New York City’s Metropolitan Transportation Authority is in yet another bind. If state lawmakers do not agree to fund the remainder of the MTA’s five-year capital plan, the deadline for which is coming up in June, there may be a need to increase fares and tolls by 15 percent in order to make ends meet.

The MTA held a meeting on Monday where its chief financial officer, Robert E. Foran, explained what would need to happen to close the gap in the $32 billion capital plan in order not to issue more debt. “At some point, the board may take action and the action that they really only can turn to would be one that addresses fares and tolls,” Foran said, according to the Times. Other officials at the meeting said the MTA would have to make massive cuts or service reductions in order to stay functioning.

A single ride on the subway or bus system in New York is currently $2.75 after fare increases hit the city on March 22nd. While a pain in the ass, the recent rise in fares was part of an expected long-term revenue plan for the MTA. But adding an extra quarter to your daily commute does not help much in closing the now $14 billion gap that is needed for the MTA’s maintenance and forthcoming projects.

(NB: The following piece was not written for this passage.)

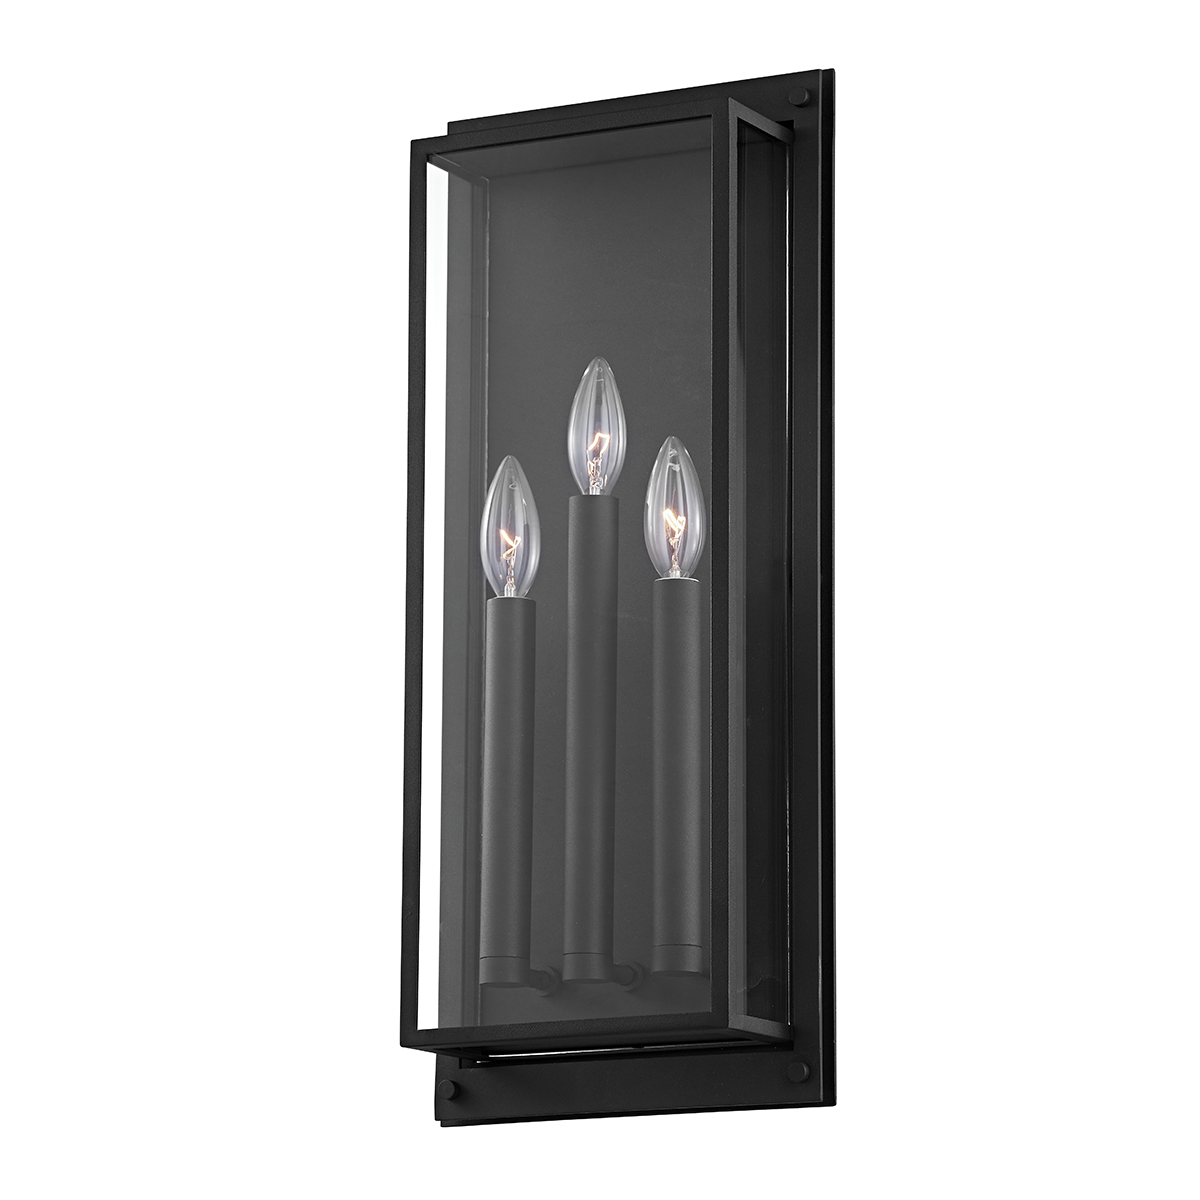 Troy WINSLOW 1 LIGHT LARGE EXTERIOR WALL SCONCE B9103 Outdoor l Wall Troy Lighting TEXTURE BLACK

Via the Times:

On Monday, one board member, Jeffrey A. Kay, a real estate developer, told his colleagues that he was growing increasingly concerned that state lawmakers would not close the gap. He said the board would have “no choice” but to make “massive cuts” to the system or to increase fares.

“If they don’t do anything in the next two months,” Mr. Kay said, “we have a freight train coming at us.”

Thomas F. Prendergast, the MTA’s chairman, believes the funding gap will be closed, or so he said last week. With a 2.6 increase of subway riders from 2013 to last year, let’s hope he’s not wrong.